Namun, Direktur TCM, Bryant, menegaskan bahwa pihaknya tidak menyalahkan Motorsport Australia, Supercars, maupun Foxtel. Dalam pernyataannya, ia menjelaskan bahwa Foxtel hanya melindungi diri dari tuntutan hukum jika menayangkan rekaman mobil yang melanggar legislasi anti-tembakau Australia. "Foxtel bukan musuh di sini," ujarnya. Ia juga menambahkan bahwa Supercars memiliki kewajiban komersial terhadap Foxtel dan tidak bisa terlibat jika pemerintah atau pemegang merek mengambil tindakan. "Supercars bukan musuh! Motorsport Australia bukan musuh!" tegas Bryant.

Bryant menekankan bahwa mata rantai terakhir dalam rantai hukum yang besar ini adalah pemilik mobil. "Motorsport Australia dan Supercars tidak melakukan apa pun selain melindungi semua pihak yang terlibat dari ancaman nyata tindakan dari pemegang merek atau otoritas pemerintah," jelasnya. Ia juga mengapresiasi langkah cepat para pemilik mobil yang bersedia mengubah livery mereka demi kelancaran siaran televisi.
Dua mobil yang terdampak adalah Holden Commodore milik Dave Casey dan Holden Torana milik David Hender, yang keduanya terinspirasi HDT. Mereka mengubah kap mesin dengan menghilangkan motif chevron putih khas Marlboro. Bryant menjelaskan bahwa kedua mobil tersebut mungkin melanggar merek dagang internasional yang melibatkan chevron putih di bagian depan. "Untuk melindungi diri mereka sendiri dan memastikan liputan TV yang tidak terputus bagi penggemar dan sponsor, pemilik mobil menghapus area signage yang diperdebatkan dan kami semua menikmati balapan yang fantastis!" tambahnya.
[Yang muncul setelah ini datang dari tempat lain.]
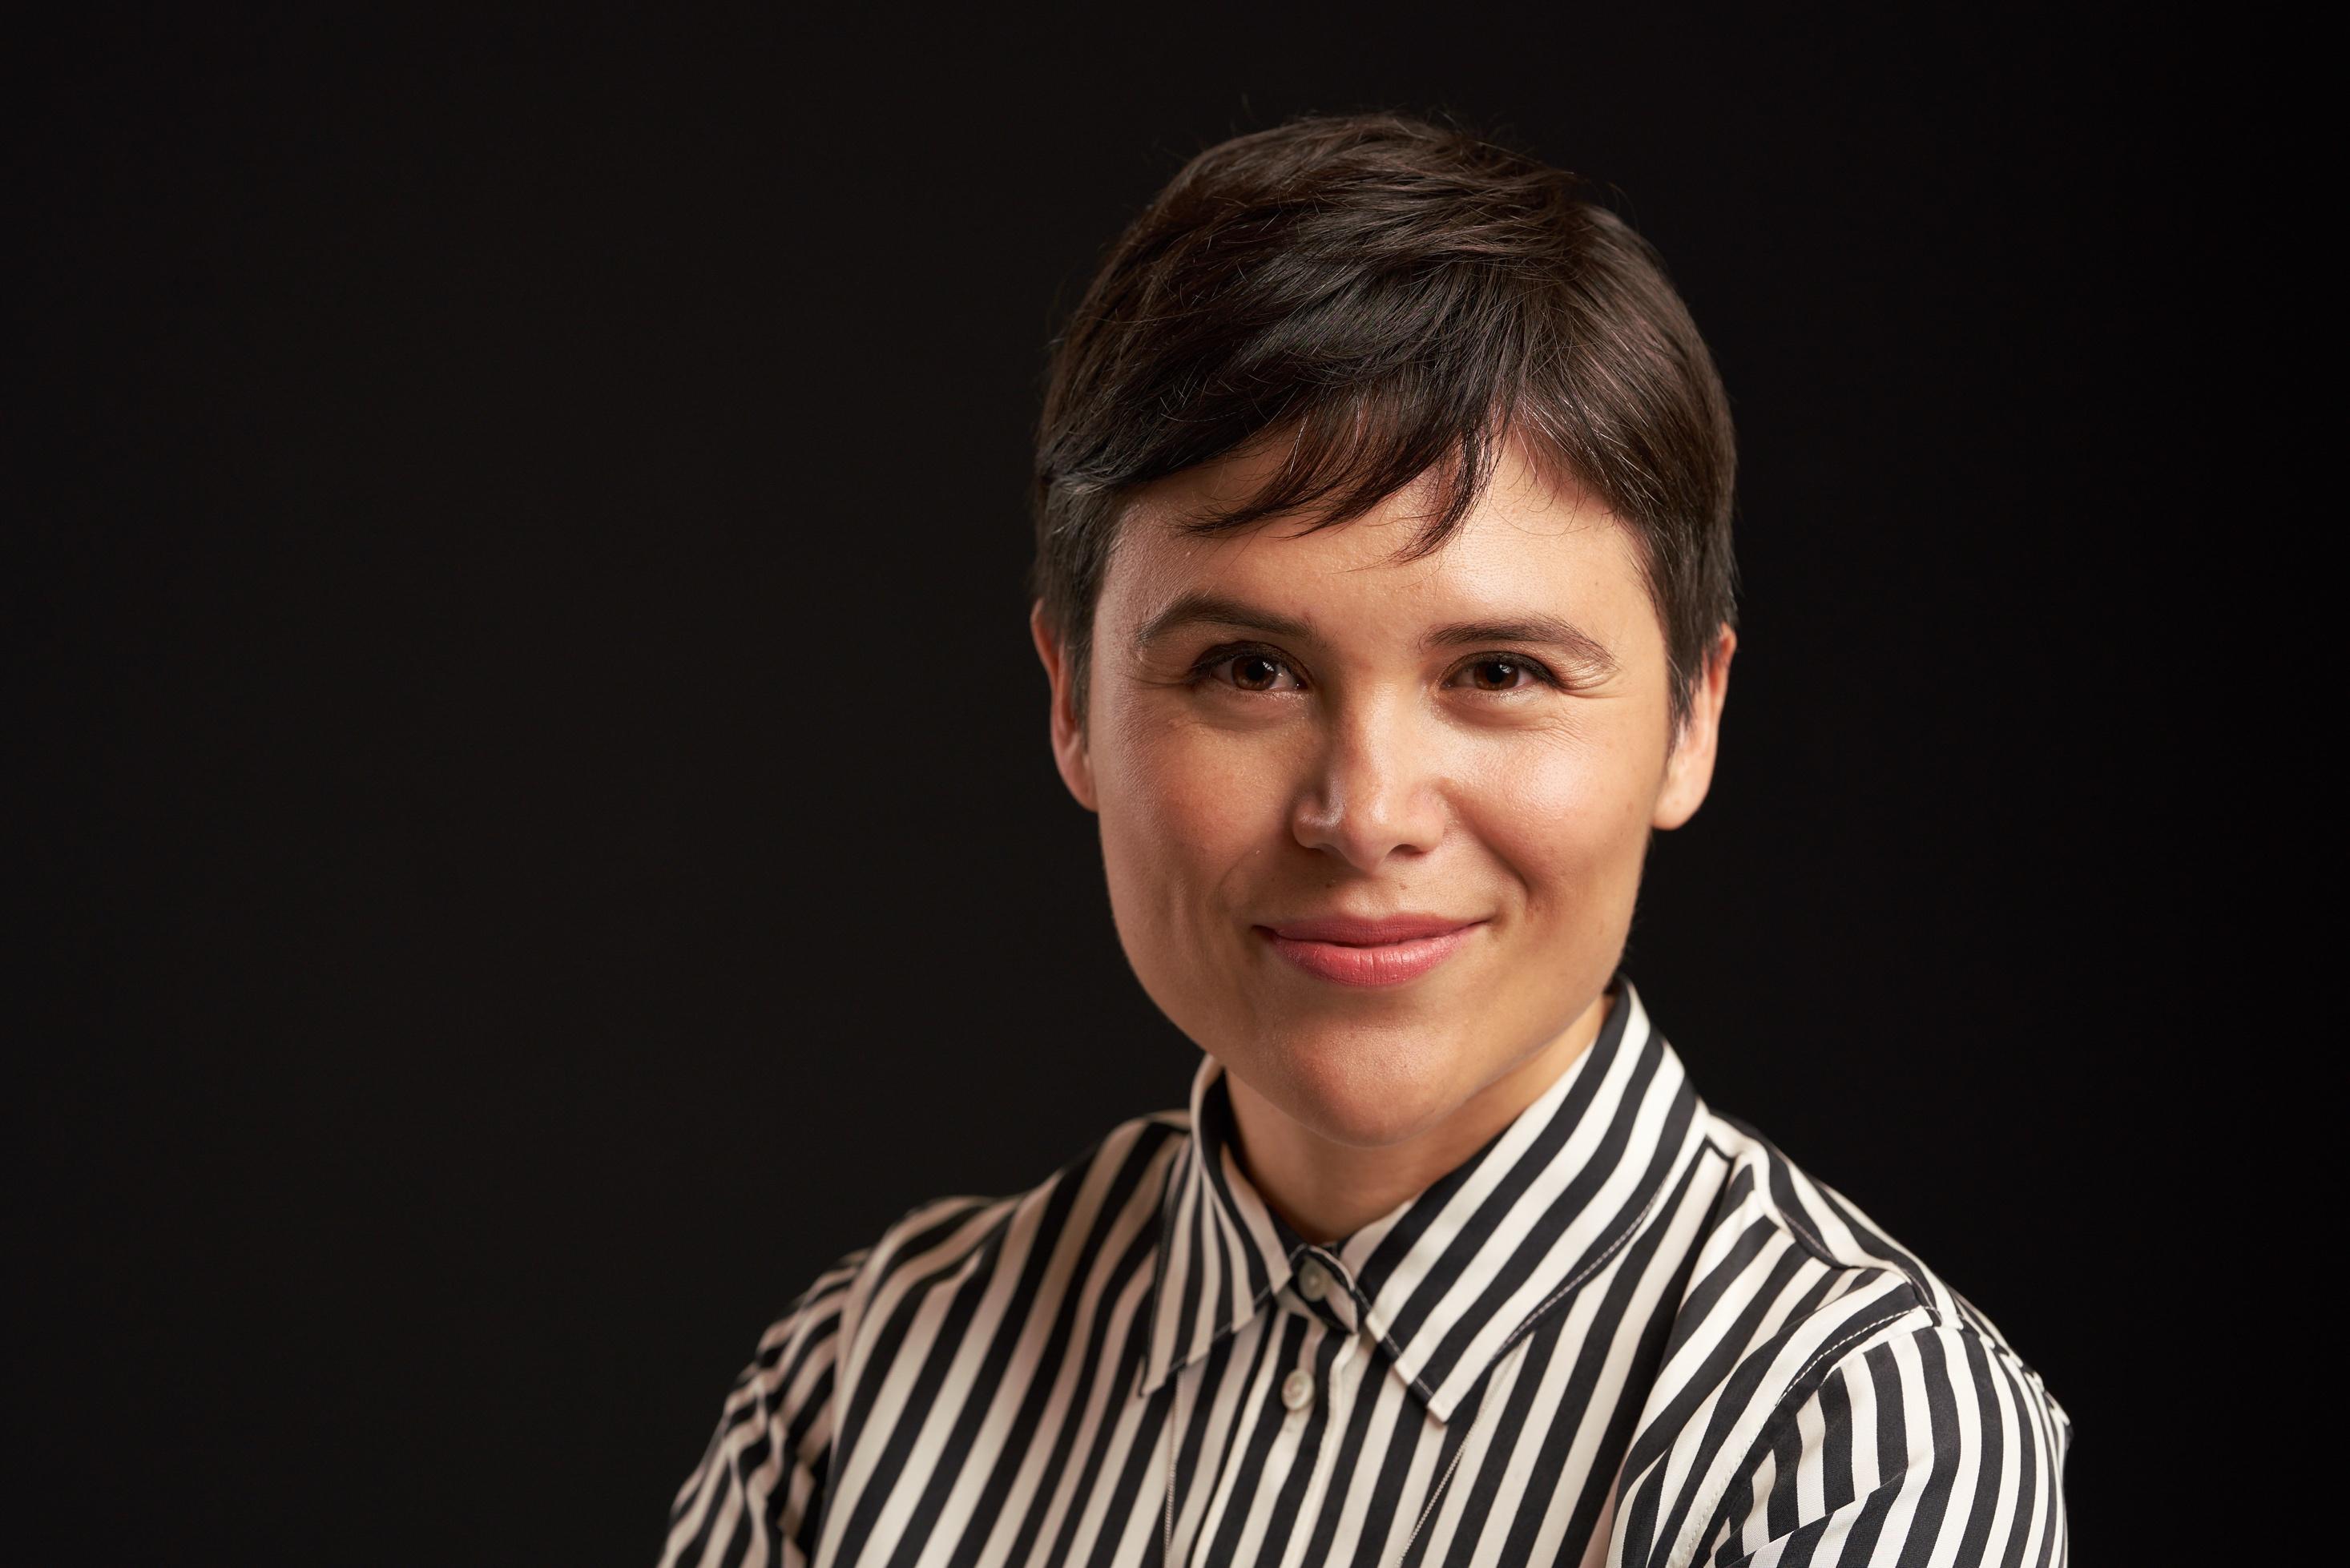 Las mujeres pueden tener una carrera exitosa en tecnología: Jimena Almendares

Kasus ini menyoroti kompleksitas antara warisan balap historis dan regulasi modern. Meskipun livery tribute dianggap sebagai penghormatan, hukum tetap harus ditegakkan. TCM dan para pemilik mobil menunjukkan kerja sama yang baik dengan menghapus elemen yang bermasalah. Bryant pun berterima kasih kepada semua pihak yang terlibat, termasuk Supercars dan Motorsport Australia, atas bantuan ahli dan tepat waktu.
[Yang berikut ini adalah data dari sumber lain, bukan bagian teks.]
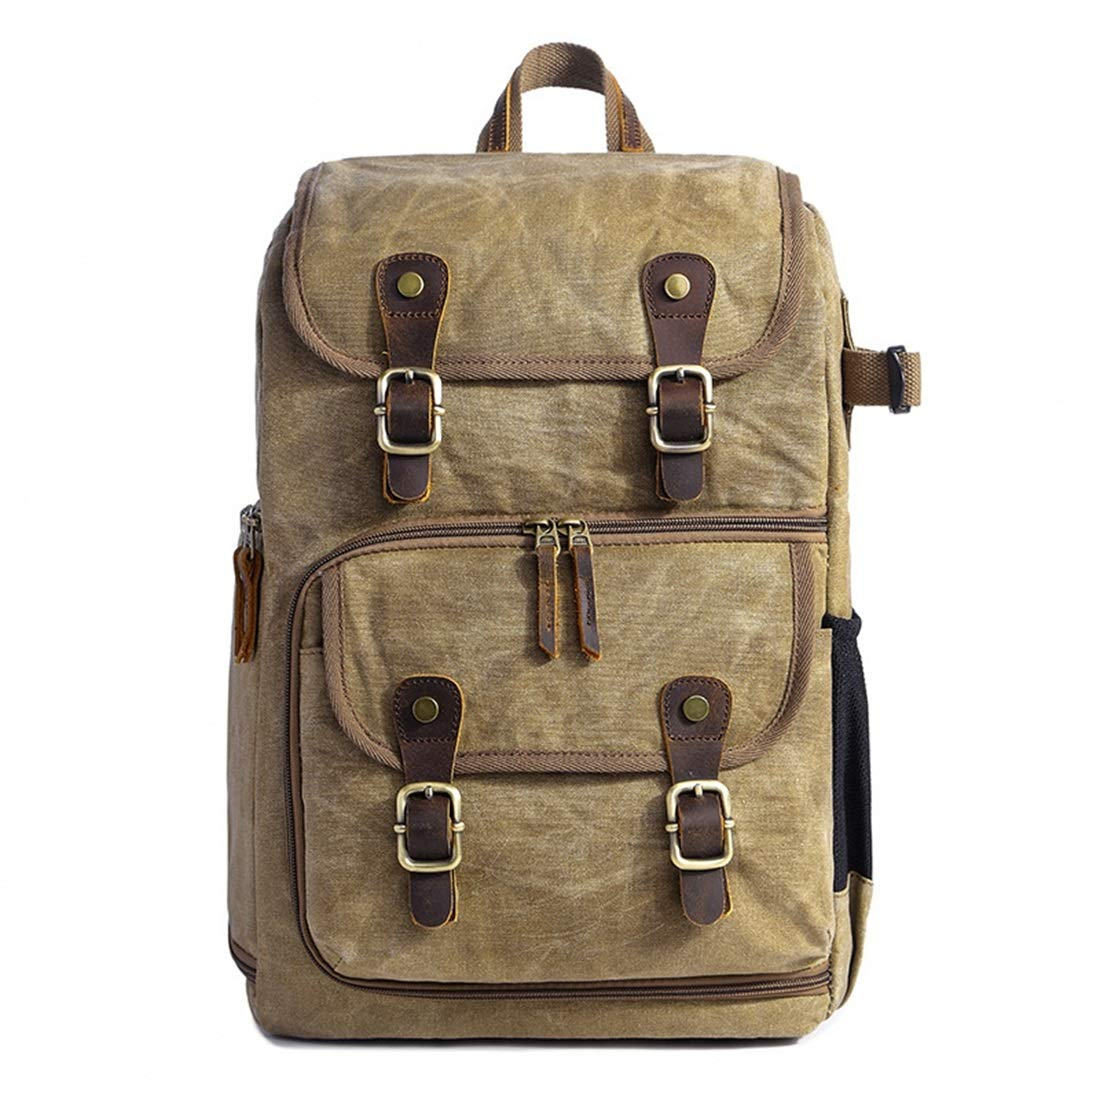 AIYAMAYA Photography Camera SLR Shoulder Photography Backpack Waterproof Large Capacity Batik Backpack Outdoor Bag

Ke depannya, aturan ini akan menjadi preseden bagi ajang balap historis lainnya di Australia. Penting bagi tim dan pemilik mobil untuk memahami batasan hukum terkait branding tembakau, bahkan dalam bentuk tribute sekalipun. Dengan demikian, balapan dapat terus berjalan tanpa hambatan hukum yang tidak perlu.



Discussion (0)
Join the Discussion!
Sign in easily to start commenting, replying, and interacting with other readers.
Latest Comments
No comments yet. Be the first!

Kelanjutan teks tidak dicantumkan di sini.